Many would be aware that although there has been a move to treat small and occult pneumothoraces with observation, in general a significant pneumothorax is treated by the insertion of a thoracostomy tube. However it is not altogether surprising that in an era where minimal intervention is a by-word there would be a move to treat traumatic pneumothorax in the same way.
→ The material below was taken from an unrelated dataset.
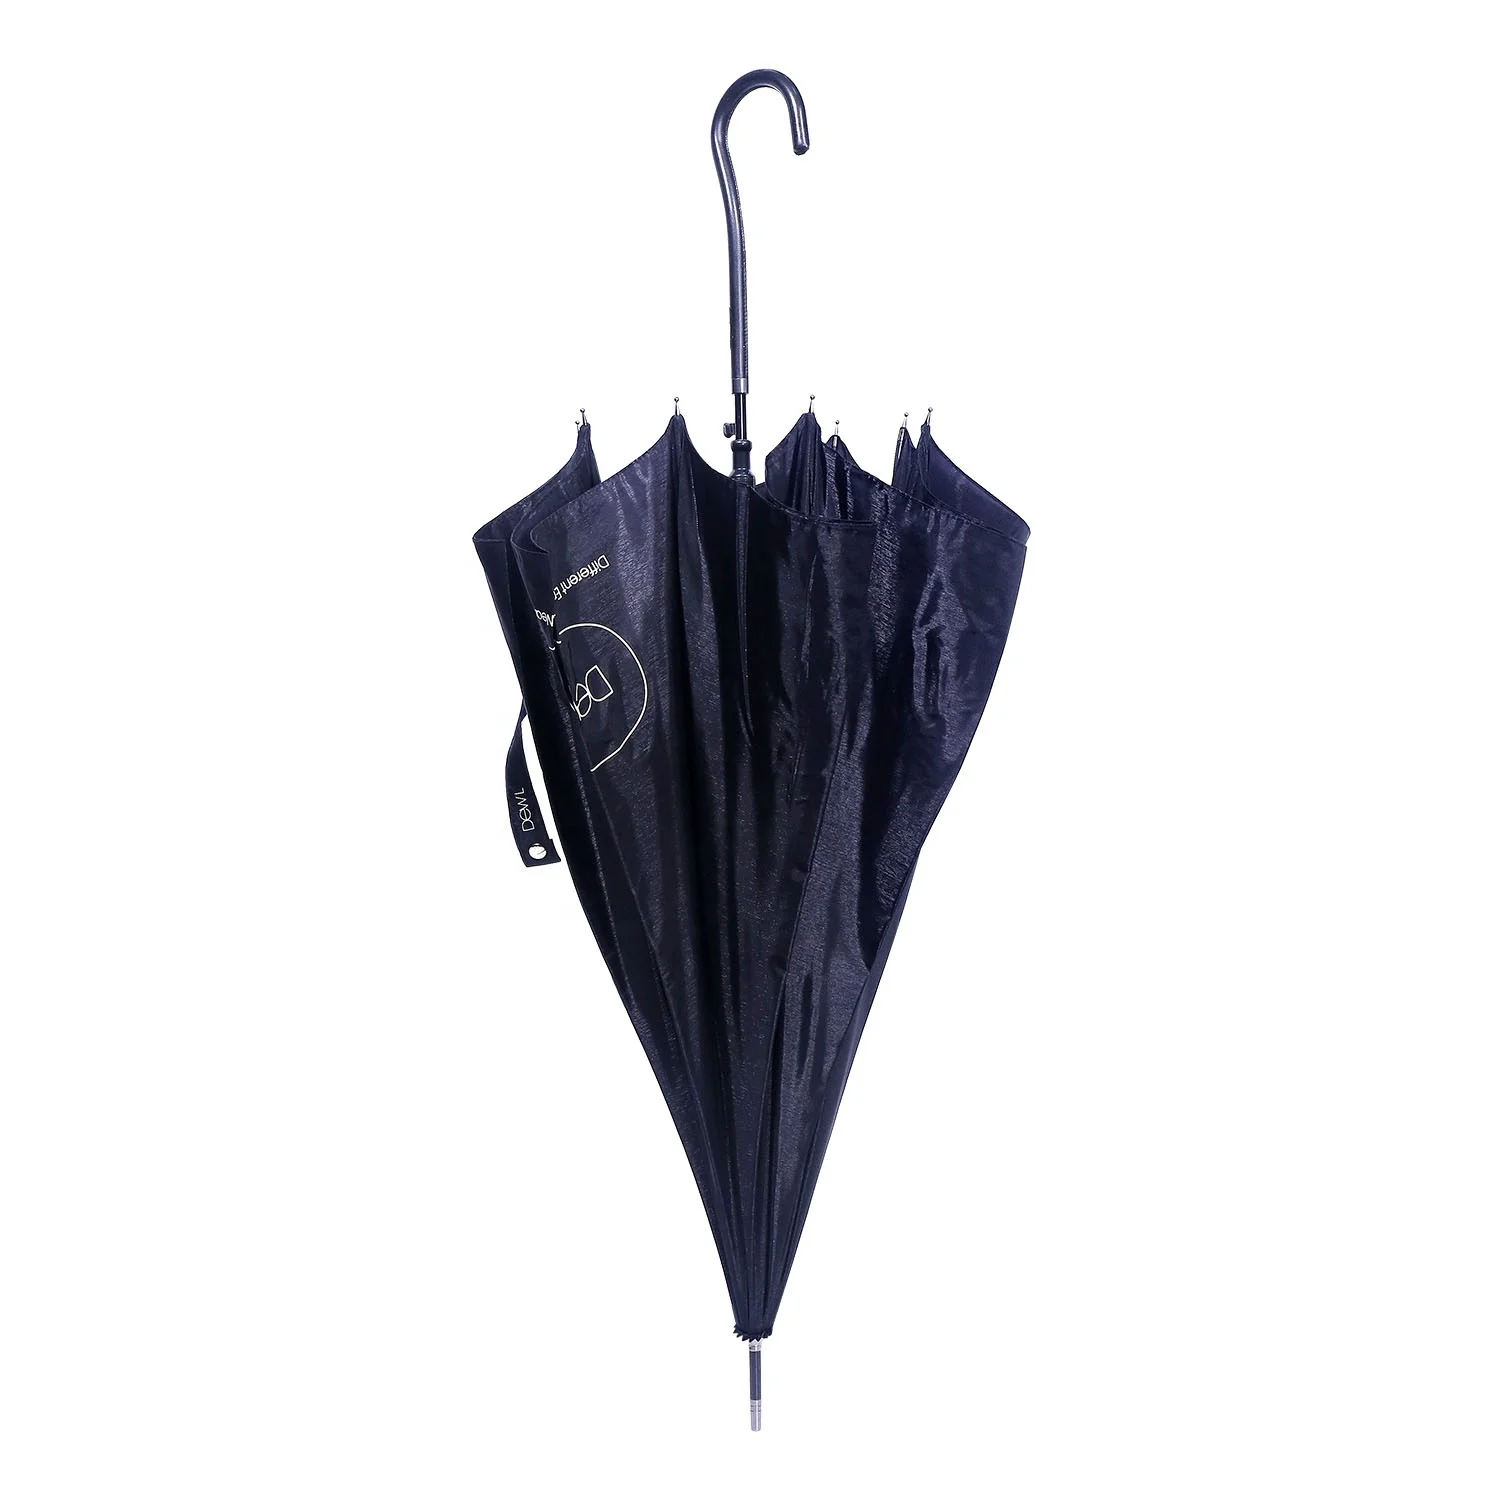 

cheap brand umbrella with straight auto open umbrella for promotion umbrella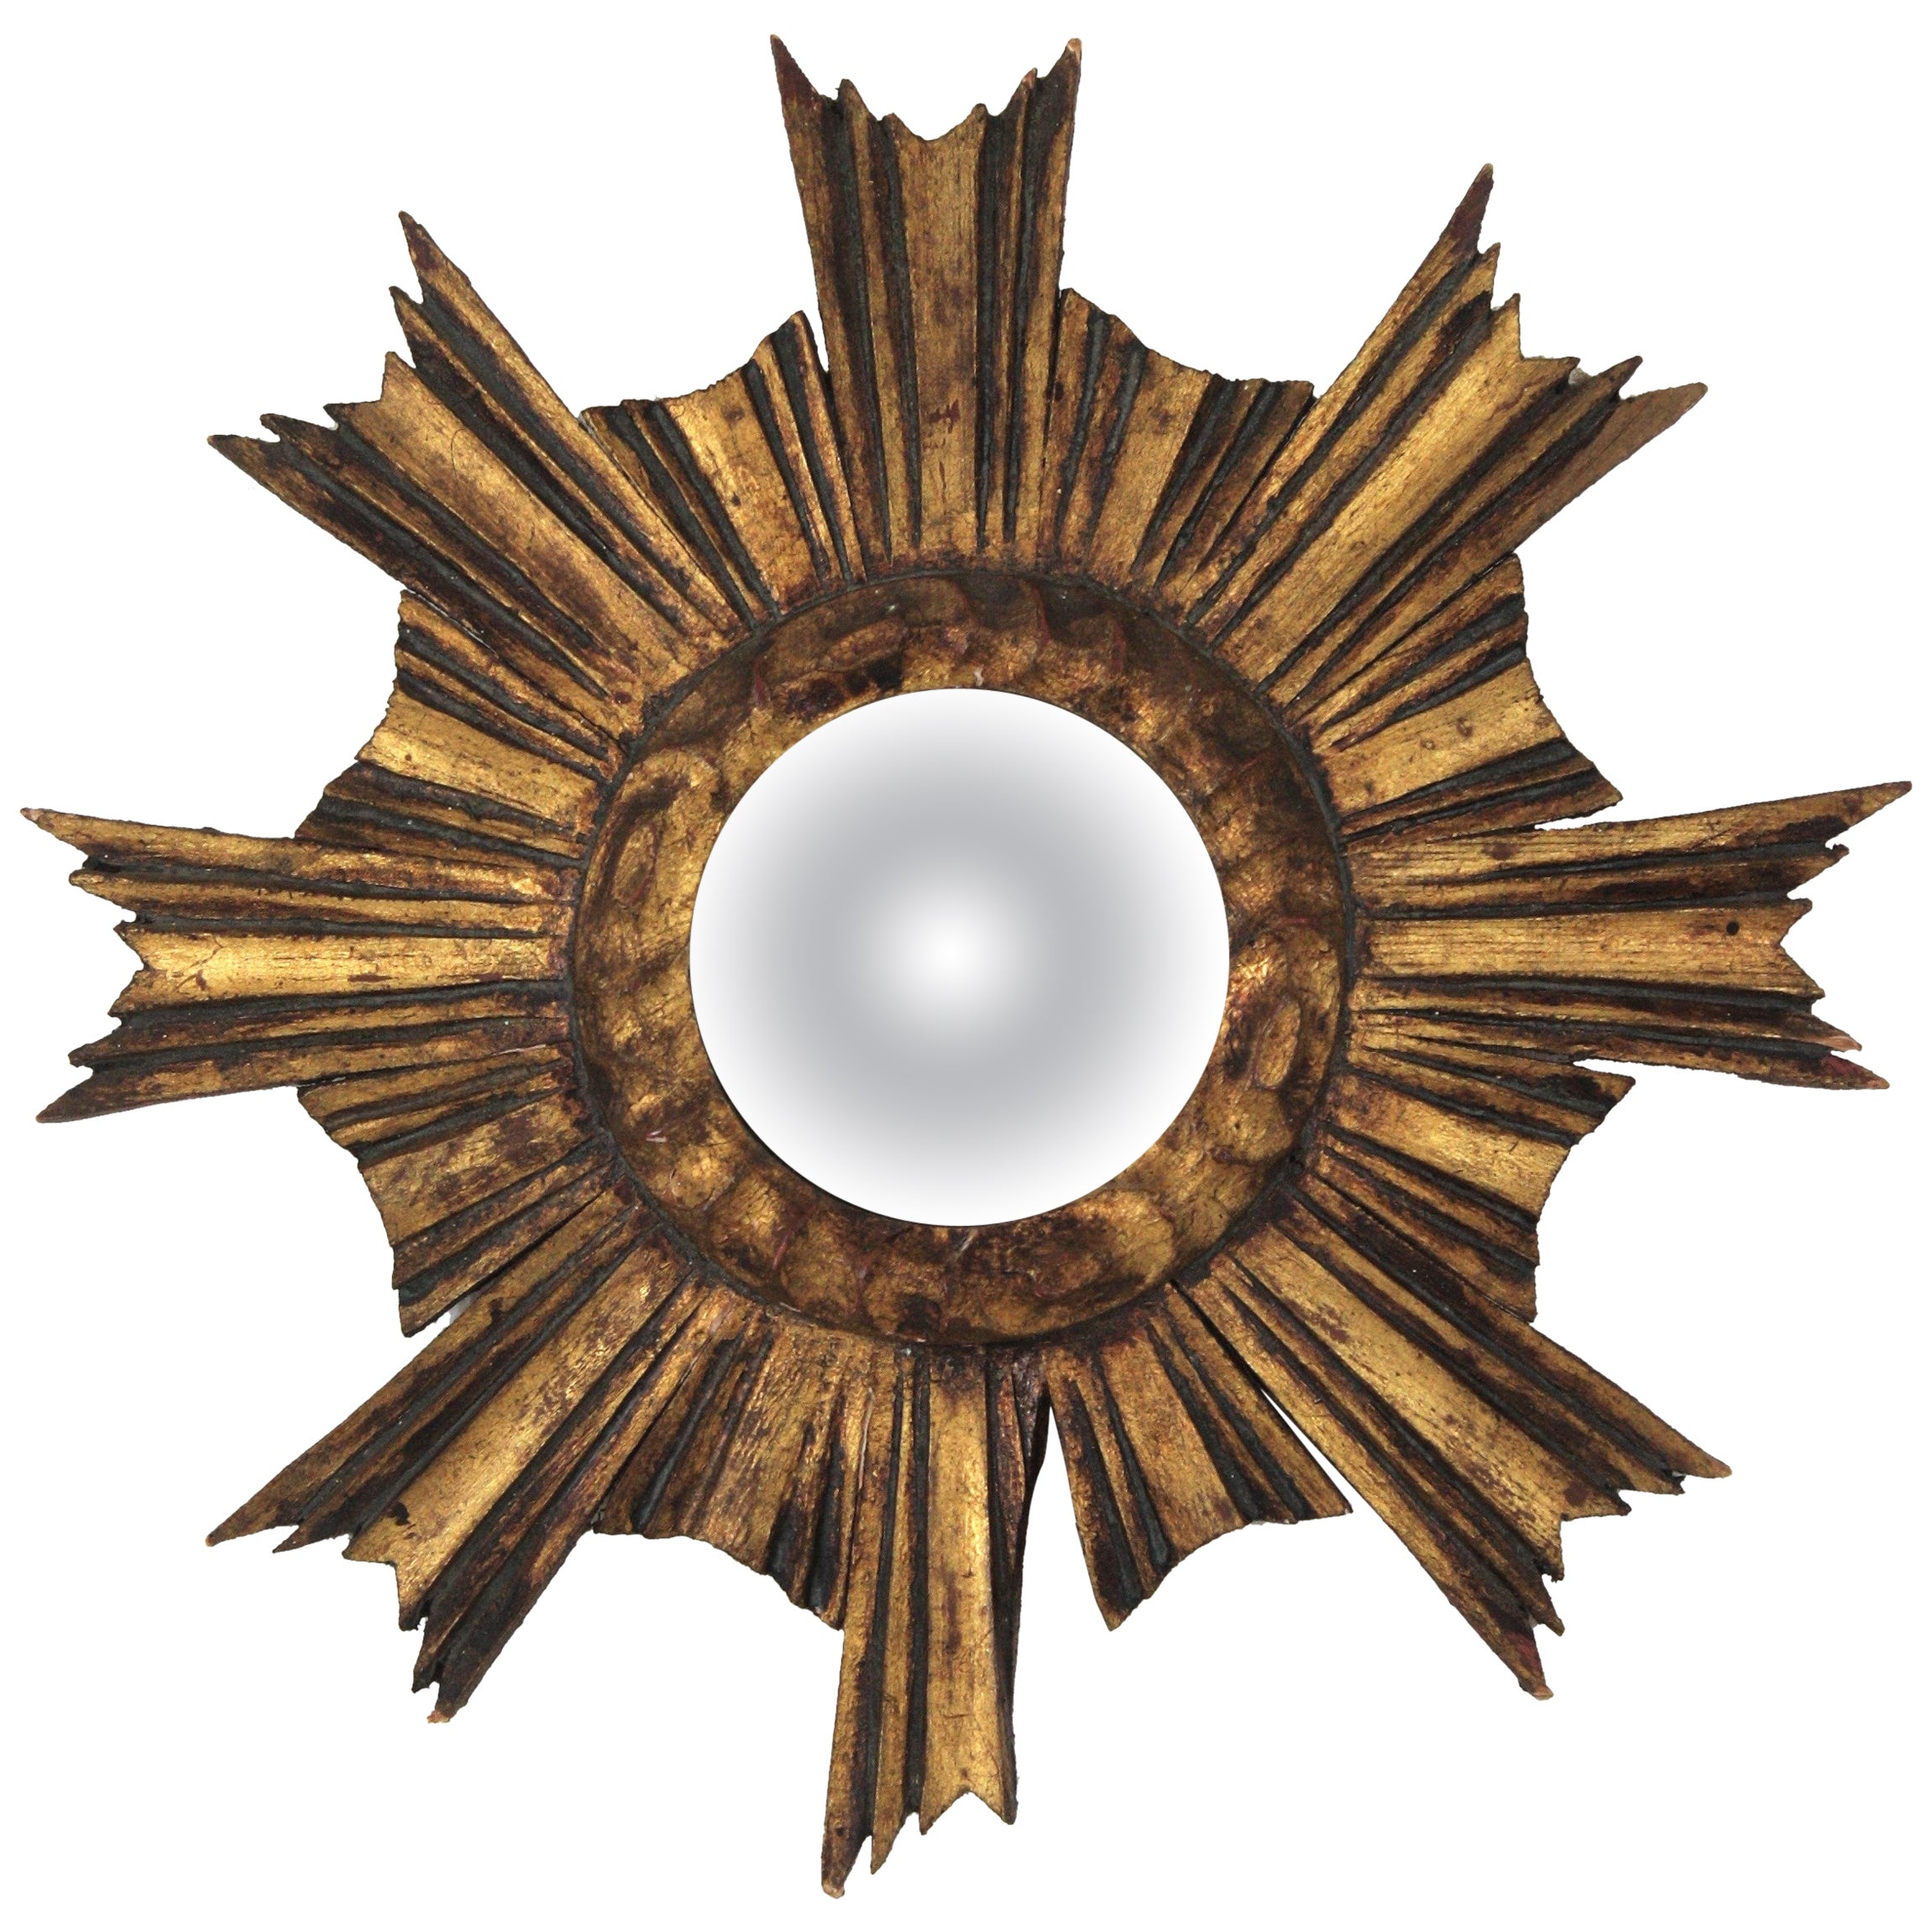 Spanish Baroque Sunburst Giltwood Convex Mirror in Small Scale

This paper, from Peter Rhee and his group at the University of Arizona reviewed the performance of percutaneous pigtail catheters inserted via a Seldinger technique with standard chest tubes for treatment of prneumothorax over a 2 year period. Sadly, this was not a randomized controlled trial but rather a retrospective review of 2 years of experience in treating pneumothoraces at a Level 1 Trauma Centre. No information is given as to why some patients were treated with chest tubes and others with pigtail catheters but 386 patients were treated with chest tubes and 94 with pigtail catheters. Most of the pigtails (75) were inserted for simple pneumothoraces but some were inserted for haemothoraces and haemothoraces. Interestingly there were no significant differences in the demography or injury severity of the two patient groups but the pigtail group only stayed 6 days whereas the chest tube group stayed 15 and that difference was statistically significant. Complications occurred at an equal rate in the two groups.

While the science is not strong in this paper it is noteworthy that over the period of the study at the Trauma Centre the use of chest tubes dropped to about one third of the previous level. Interestingly, this paper earned an editorial comment and this noted that while the paper was observational the author of the editorial did not feel that a large randomized trial was necessary, rather just accumulation of more observational studies. It was felt ease of insertion and applicability to a wider range of healthcare environments and providers meant the technique should be increasingly used and the results reported.

 

What does this mean in the Australasian setting?

Undoubtedly this technique could be used successfully in a range of patients with simple pneumothorax in the context of minor trauma and the elderly may well reduce length of stay and cost. Recognising the problems that seem to accompany the insertion of chest tubes in Australia and NZ one could be attracted to this method. However it is worth noting that the complication rate wasn’t reduced with pigtail catheters in this study and the complications that did eventuate were major.

Conversely, if standard chest tube insertion became a less common technique and was practiced less often, the facility with this technique, which is already surprisingly low, might deteriorate further. For simple pneumothoraces and particularly in the elderly the pigtail catheter might be a good option. For the benefit of many patients who need positive pressure ventilation with major injuries and who have haemopneumothoraces, such as may be the case in many patients who trigger trauma calls, a standard chest tube, 28-36Fr in an adult, is probably the best option both for the patient, and to maintain the expertise of the trauma care providers.